The US District Court for the District of Columbia upholds a bankruptcy court ruling in favor of Inslaw. The ruling concerned the dispute over the PROMIS software between Inslaw and the Justice Department, which was found to have violated bankruptcy protection provisions (see September 28, 1987 and February 2, 1988), but had appealed (see Between February 2, 1988 and November 22, 1989). Judge William Bryant finds that the department knew an enhanced version of PROMIS was Inslaw’s central asset, that ownership of the software was critical to the company’s reorganization in Chapter 11 bankruptcy, and that the department’s unilateral claim of ownership and its installation of the enhanced version in offices around the United States violated automatic stay bankruptcy provisions in multiple ways. In addition, Bryant agrees with the bankruptcy court’s conclusion that the department never had any rights to the enhanced version and that “the government acted willfully and fraudulently to obtain property that it was not entitled to under the contract.” In addition, when Inslaw suggested mechanisms to determine whether the private enhancements had been made, the government rejected them, and “when asked to provide an alternative methodology that would be acceptable, the government declined.” The department could have used established procedures to get relief from the automatic stay provisions, but simply chose not to do so. Bryant, who also finds that the department tried to convert Inslaw’s bankruptcy to Chapter 7 liquidation, adds, “What is strikingly apparent from the testimony and depositions of key witnesses and many documents is that Inslaw performed its contract in a hostile environment that extended from the higher echelons of the Justice Department to the officials who had the day-to-day responsibility for supervising its work.” Finally, Bryant finds that, as the case was grounded in bankruptcy law, the bankruptcy court was an appropriate forum to hear the dispute and it did not have to be submitted to the Department of Transportation Board of Contract Appeals, an arena for contract disputes. Although most of the damages awarded are upheld, as Bryant finds the bankruptcy court assessed damages based on the evidence it obtained, he reduces compensatory damages by $655,200.88. [US Congress, 9/10/1992]

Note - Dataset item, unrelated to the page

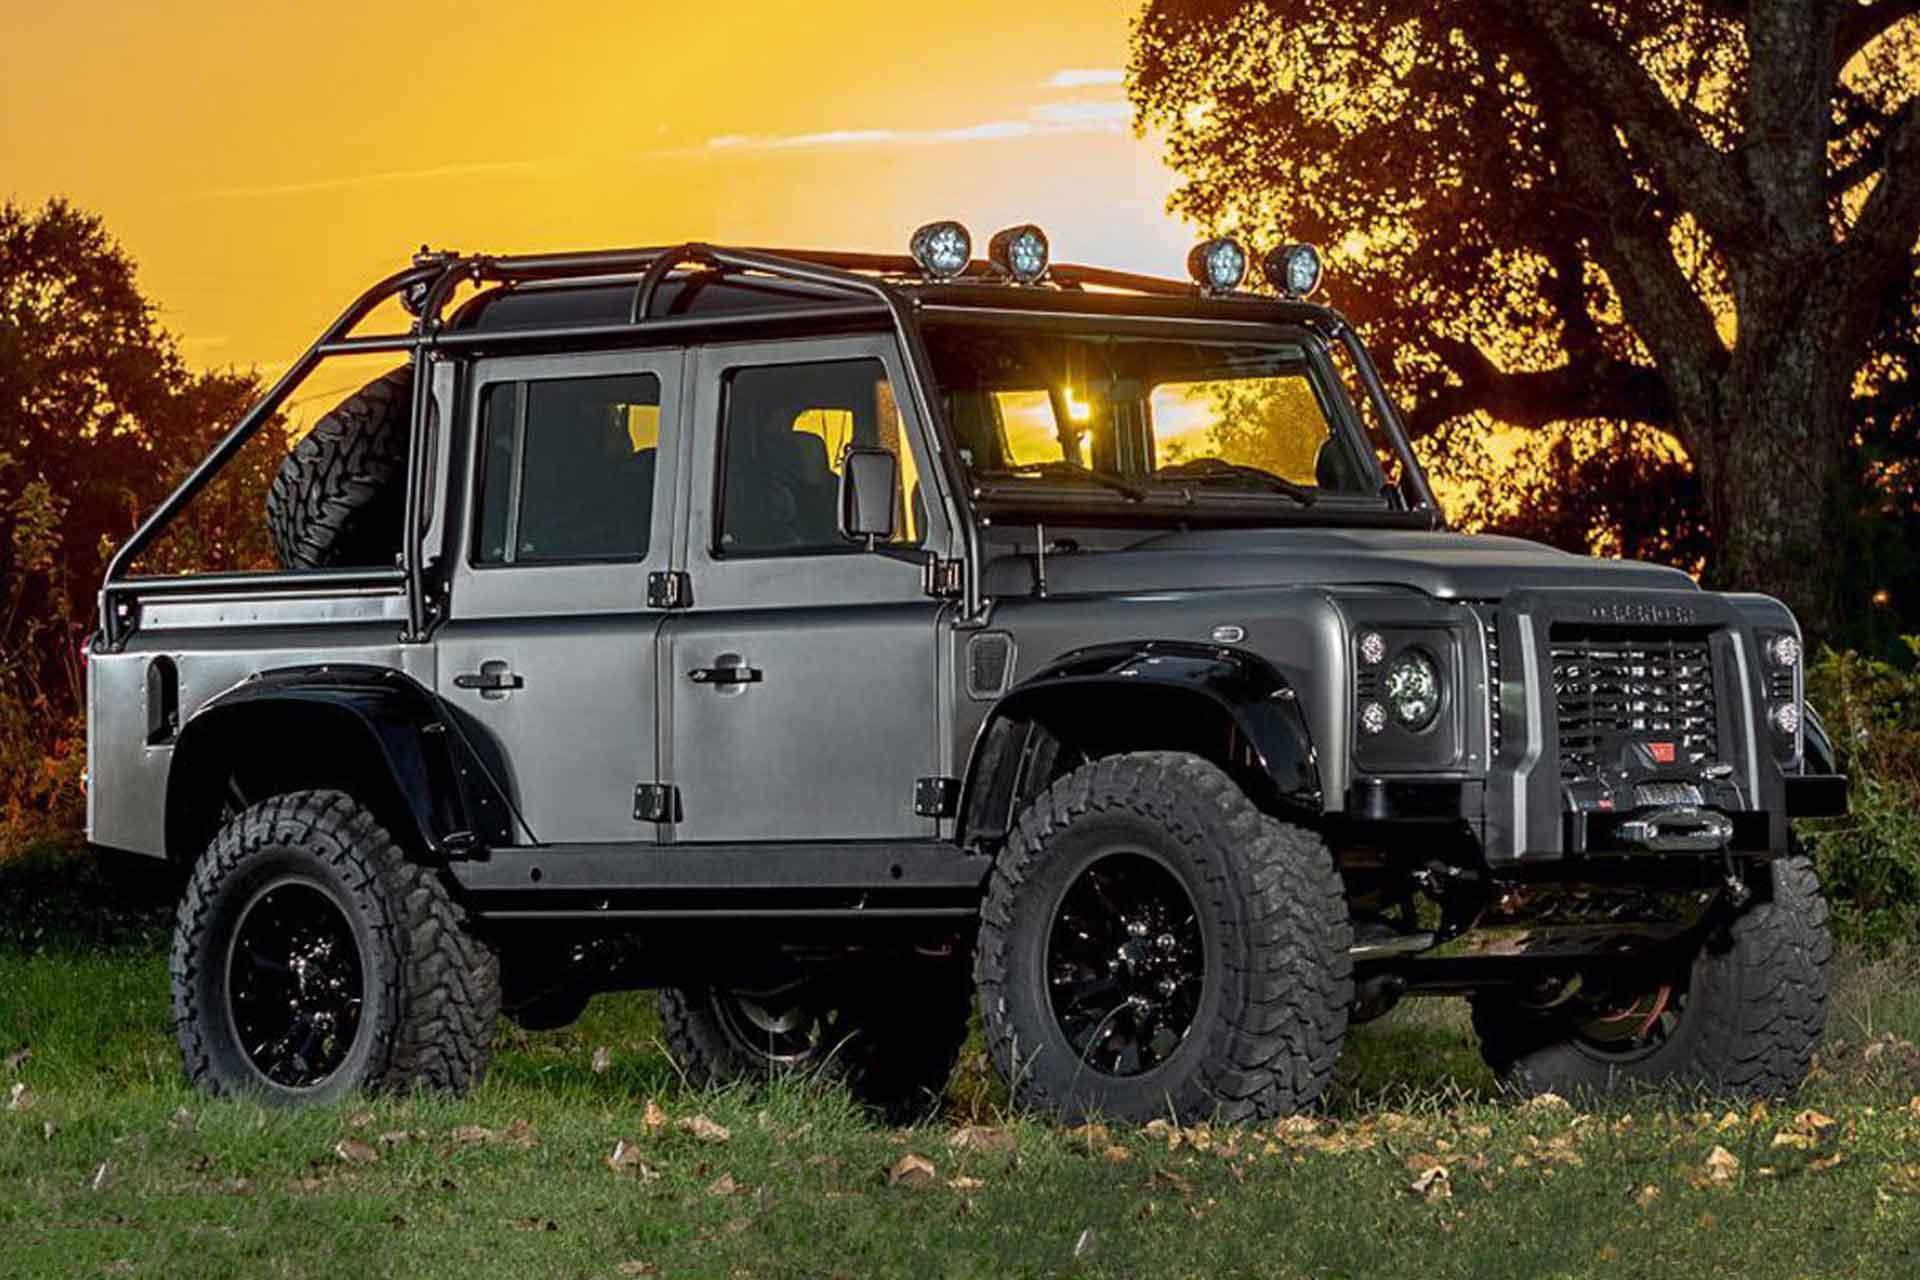 Himalaya Spectre Land Rover Defender SUV

Entity Tags: William Bryant, US Department of Justice, Inslaw, Inc., US District Court for the District of Columbia

Timeline Tags: Inslaw and PROMIS

A Canadian government official says that Canada is using the PROMIS software, according to Inslaw owners William and Nancy Hamilton. The Hamiltons pass the information on to the House Judiciary Committee, which is investigating allegations that the US Justice Department has misappropriated an enhanced version of the software from Inslaw and passed it on to other governments. The official, Marc Valois of the Canadian Department of Communications, apparently says that PROMIS is being used to support 900 locations around the Canadian government. [US Congress, 9/10/1992] Another Canadian official will soon make a similar statement (see January 1991), but both he and Valois will later say they were not referring to Inslaw’s PROMIS, but to a product of the same name from a different company (see March 22, 1991).

Entity Tags: William Hamilton, Nancy Hamilton, House Judiciary Committee, Department of Communications (Canada), Marc Valois

Timeline Tags: Inslaw and PROMIS

The House Subcommittee on Economic and Commercial Law holds a hearing about the failure of Attorney General Richard Thornburgh to provide full access to all documents and records about the Inslaw case. At the hearing, Inslaw owner William Hamilton and its attorney Elliot Richardson air their complaints about an alleged criminal conspiracy in the Justice Department’s handling of a contract with Inslaw and its alleged theft of an enhanced version of the PROMIS application. Steven Ross, the general counsel to the clerk of the US House of Representatives, refutes the Justice Department’s rationale for withholding documents related to possible wrongdoing by its officials involved with the Inslaw contract. In addition, Government Accountability Office representatives describe deficiencies in the Justice Department’s Information Resources Management Office and its administration of data processing contracts.
Bason's Allegations - Judge George Bason, a bankruptcy judge who had found in favor of Inslaw in a dispute with the department (see September 28, 1987), testifies that he believes his failure to be reappointed as bankruptcy judge was the result of improper influence on the court selection process by the department because of his findings. Bason cites information provided to him by a reporter (see May 1988) and negative statements about him by departmental employees (see June 19, 1987 and June 1987 or Shortly After). After investigating these allegations, the committee will find: “The committee could not substantiate Judge Bason’s allegations. If the Department of Justice had influence over the process, it was subtle, to say the least.” Bason will point out that Norma Johnson, the judge who chaired the meeting at which he was not reappointed (see December 15, 1987), had previously worked with departmental official Stuart Schiffer, who was involved in the Inslaw case. However, the committee will comment that it has “no information that Judge Johnson talked to Mr. Schiffer about Inslaw, Judge Bason, or the bankruptcy judge selection process.”
Thornburgh's Reaction - Following this hearing, Thornburgh agrees to cooperate with the subcommittee, but then fails to provide it with several documents it wants. [US Congress, 9/10/1992]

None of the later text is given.